**Supplied information**:
• • • •
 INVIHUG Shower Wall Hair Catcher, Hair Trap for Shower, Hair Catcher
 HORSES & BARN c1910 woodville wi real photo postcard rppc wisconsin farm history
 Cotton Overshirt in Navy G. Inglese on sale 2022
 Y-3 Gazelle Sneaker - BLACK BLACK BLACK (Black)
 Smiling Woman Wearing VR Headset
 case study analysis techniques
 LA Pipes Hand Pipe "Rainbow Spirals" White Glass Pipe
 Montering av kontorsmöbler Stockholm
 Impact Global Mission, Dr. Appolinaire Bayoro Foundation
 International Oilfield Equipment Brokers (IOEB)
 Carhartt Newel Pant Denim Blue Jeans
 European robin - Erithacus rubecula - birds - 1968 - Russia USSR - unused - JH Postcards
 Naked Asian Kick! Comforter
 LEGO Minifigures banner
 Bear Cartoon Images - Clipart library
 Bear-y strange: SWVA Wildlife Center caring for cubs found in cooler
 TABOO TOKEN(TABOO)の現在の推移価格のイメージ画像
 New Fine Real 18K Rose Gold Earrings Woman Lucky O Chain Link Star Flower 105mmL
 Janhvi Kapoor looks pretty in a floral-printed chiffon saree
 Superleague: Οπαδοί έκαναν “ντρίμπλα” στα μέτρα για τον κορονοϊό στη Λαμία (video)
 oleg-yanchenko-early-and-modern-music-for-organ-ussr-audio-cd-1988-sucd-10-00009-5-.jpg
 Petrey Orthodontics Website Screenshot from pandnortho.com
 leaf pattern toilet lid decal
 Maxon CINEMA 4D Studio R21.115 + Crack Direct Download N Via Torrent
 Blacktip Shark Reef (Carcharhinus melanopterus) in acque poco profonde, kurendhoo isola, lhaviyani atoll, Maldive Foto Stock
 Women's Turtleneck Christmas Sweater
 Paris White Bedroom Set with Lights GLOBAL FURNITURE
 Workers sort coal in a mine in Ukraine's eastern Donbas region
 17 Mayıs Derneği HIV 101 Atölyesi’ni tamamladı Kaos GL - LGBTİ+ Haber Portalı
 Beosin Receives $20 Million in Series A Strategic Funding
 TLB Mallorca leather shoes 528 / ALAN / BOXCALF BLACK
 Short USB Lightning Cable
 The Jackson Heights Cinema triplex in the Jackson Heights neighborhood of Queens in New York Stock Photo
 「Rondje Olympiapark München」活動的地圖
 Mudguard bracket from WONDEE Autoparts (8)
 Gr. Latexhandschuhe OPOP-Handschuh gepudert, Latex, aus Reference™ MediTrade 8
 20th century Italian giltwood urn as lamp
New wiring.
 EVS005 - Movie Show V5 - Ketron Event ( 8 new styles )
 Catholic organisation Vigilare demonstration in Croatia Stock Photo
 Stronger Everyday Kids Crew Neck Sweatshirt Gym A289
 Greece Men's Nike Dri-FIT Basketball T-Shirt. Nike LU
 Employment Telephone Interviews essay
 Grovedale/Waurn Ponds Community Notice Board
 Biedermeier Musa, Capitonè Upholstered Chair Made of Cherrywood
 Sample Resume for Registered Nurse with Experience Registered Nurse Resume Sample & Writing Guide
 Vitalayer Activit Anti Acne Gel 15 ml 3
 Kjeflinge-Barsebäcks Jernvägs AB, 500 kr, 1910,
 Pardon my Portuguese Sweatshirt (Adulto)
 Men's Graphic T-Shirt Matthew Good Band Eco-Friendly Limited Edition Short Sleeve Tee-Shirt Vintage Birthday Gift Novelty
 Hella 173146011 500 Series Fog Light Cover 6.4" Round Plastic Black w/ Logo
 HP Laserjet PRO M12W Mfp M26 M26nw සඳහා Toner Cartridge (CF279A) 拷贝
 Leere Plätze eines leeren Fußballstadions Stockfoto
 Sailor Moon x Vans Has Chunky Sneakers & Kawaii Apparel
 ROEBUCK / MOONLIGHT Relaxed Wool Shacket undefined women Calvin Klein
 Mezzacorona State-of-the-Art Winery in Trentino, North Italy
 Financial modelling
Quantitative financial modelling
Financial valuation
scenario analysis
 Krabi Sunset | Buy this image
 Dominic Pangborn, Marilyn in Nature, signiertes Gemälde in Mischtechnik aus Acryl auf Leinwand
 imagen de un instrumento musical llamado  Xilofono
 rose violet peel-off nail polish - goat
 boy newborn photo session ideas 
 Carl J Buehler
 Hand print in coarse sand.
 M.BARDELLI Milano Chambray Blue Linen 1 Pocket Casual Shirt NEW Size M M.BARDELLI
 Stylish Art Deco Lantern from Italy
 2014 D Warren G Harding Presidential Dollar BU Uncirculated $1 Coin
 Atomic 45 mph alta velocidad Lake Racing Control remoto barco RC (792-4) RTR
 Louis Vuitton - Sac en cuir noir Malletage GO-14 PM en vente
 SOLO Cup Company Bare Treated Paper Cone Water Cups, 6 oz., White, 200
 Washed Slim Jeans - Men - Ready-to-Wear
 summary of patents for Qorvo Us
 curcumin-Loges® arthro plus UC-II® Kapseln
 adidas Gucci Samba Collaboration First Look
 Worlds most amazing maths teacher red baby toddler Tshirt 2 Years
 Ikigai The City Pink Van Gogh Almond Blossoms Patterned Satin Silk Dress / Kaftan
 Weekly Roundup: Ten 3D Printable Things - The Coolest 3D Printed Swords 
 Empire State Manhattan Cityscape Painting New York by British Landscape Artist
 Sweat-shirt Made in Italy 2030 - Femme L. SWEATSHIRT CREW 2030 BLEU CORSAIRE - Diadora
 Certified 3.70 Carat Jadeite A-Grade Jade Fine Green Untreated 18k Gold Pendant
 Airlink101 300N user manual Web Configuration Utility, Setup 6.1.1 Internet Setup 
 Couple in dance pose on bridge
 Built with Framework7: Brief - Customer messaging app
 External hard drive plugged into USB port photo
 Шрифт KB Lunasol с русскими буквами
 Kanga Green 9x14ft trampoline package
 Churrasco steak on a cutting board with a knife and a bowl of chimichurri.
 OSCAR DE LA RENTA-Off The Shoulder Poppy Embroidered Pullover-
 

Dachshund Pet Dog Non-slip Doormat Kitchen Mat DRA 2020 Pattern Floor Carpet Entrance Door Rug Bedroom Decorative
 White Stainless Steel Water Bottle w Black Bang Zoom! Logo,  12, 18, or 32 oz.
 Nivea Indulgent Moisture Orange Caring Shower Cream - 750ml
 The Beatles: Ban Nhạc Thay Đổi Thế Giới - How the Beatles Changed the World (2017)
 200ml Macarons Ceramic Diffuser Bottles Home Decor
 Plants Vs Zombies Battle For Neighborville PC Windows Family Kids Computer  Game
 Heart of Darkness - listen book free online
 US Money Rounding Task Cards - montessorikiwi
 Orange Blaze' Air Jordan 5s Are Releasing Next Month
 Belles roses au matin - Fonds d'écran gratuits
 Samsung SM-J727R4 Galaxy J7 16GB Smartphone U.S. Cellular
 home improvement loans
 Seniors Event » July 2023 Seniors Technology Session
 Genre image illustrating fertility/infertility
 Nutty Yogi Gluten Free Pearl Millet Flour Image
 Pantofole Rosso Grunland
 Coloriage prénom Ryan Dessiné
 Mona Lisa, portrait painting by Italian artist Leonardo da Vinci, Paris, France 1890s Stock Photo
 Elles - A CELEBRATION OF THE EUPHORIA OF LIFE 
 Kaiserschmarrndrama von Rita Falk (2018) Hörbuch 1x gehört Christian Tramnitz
• • • •
**Work order**: Extract every line from the one with "Pantofole Rosso Grunland" down to the final line above, both included, exactly as written.

**Result of the exercise**:
 Pantofole Rosso Grunland
 Coloriage prénom Ryan Dessiné
 Mona Lisa, portrait painting by Italian artist Leonardo da Vinci, Paris, France 1890s Stock Photo
 Elles - A CELEBRATION OF THE EUPHORIA OF LIFE 
 Kaiserschmarrndrama von Rita Falk (2018) Hörbuch 1x gehört Christian Tramnitz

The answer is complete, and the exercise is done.